The firm has been working for about a year on the initial validation of the new test, and has been conducting an ongoing concordance analysis with tissue samples, Ramprasad said, collecting about 500 so far.
A study reporting on the first 200 of these is awaiting publication, he added. Amongst those, the company found that its blood-based analysis was able to achieve 98 percent concordance with tissue testing results from a leading hospital in the country, where patient samples were tested in a standard clinical workflow using real-time PCR.
Interestingly, Ramprasad said, MedGenome found that among samples that were negative for mutations in the hospitals' PCR analysis, about 10 percent were positive for a mutation using the company's new sequencing-based liquid biopsy assay.
According to Ramprasad, this highlights not only the power of the company's new blood-based test, but also the added value of sequencing over PCR methods that are still commonly used as a first line test not only in India, but also across the Western world, especially for lung cancer patients.
As liquid biopsy tests have moved forward, there has been some conflicting data on the sensitivity of noninvasive methods to accurately detect all the potentially relevant mutations that might be in a patient's tumor.
Some data has shown worryingly low concordance, while other results reflect sensitivities closer to what MedGenome said that it has found. Researchers are increasingly identifying the strong influence of timing on these metrics. If samples from tissue and blood are taken at very different time points, this appears to affect concordance, potentially significantly, because of the evolution of tumors or changes in circulating DNA due to treatment with different drugs.
In MedGenome's study, tissue samples were taken at the same time as blood samples, and from largely new, treatment-naive patients, Ramprasad said.
Since completing its validation and launching the test last month, MedGenome has been working on physician adoption. One effort was a pilot to offer a free one-month liquid biopsy trial to 65 oncologists across India who treat most of the country's lung cancer patients.
By the end of the month, each physician had sent in three samples on average, Ramprasad said. "We expect good practical adoption based on this, in situations where it is really warranted," he added.
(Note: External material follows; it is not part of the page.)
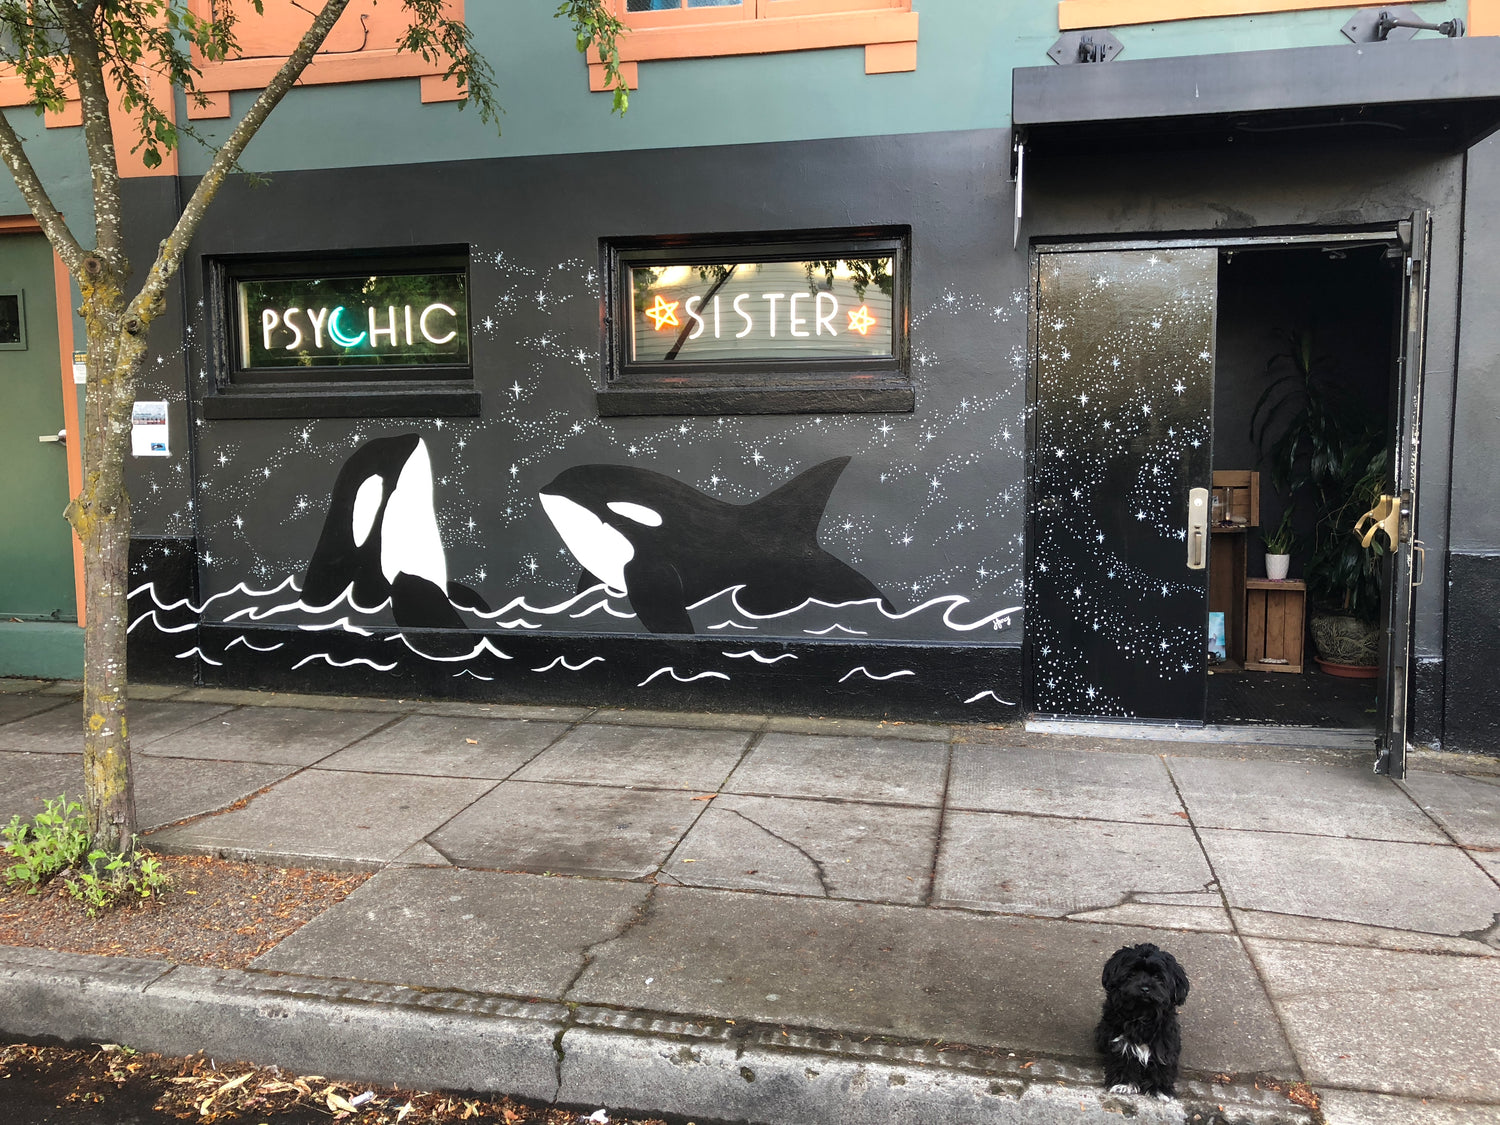 Image of exterior Psychic Sister Portland location with orca mural.

Keener attention to practicality is a key differentiator for markets like India versus the US in terms of all genomic testing, not just newer methods like liquid biopsy, Ramprasad said. "No one here does a 150-gene panel or a 300-gene panel."
But this doesn't mean there is a lack of enthusiasm for genomic medicine. "Routine tissue EGFR typing is done for about 70 to 80 percent of patients with access to either secondary or tertiary care," he explained.
"Doctors need to focus on genes with clear actionability for drugs that are actually available in the country."
Aside from Natera's NIPT test, the rest of MedGenome's menu is assays the firm developed in house Ramprasad said. Over the last year, the company has grown its menu of NGS panels, mainly in non-oncology areas such as inherited genetic disorders, to about 300 tests, he said.
In 2016 MedGenome acquired Foster City, California-based Lifecode Health, giving it access to the cancer molecular diagnostic firm's CLIA-certified and CAP-accredited laboratory in the Bay Area.
However, Ramprasad declined to comment on the firm's strategy for clinical NGS testing for US patients.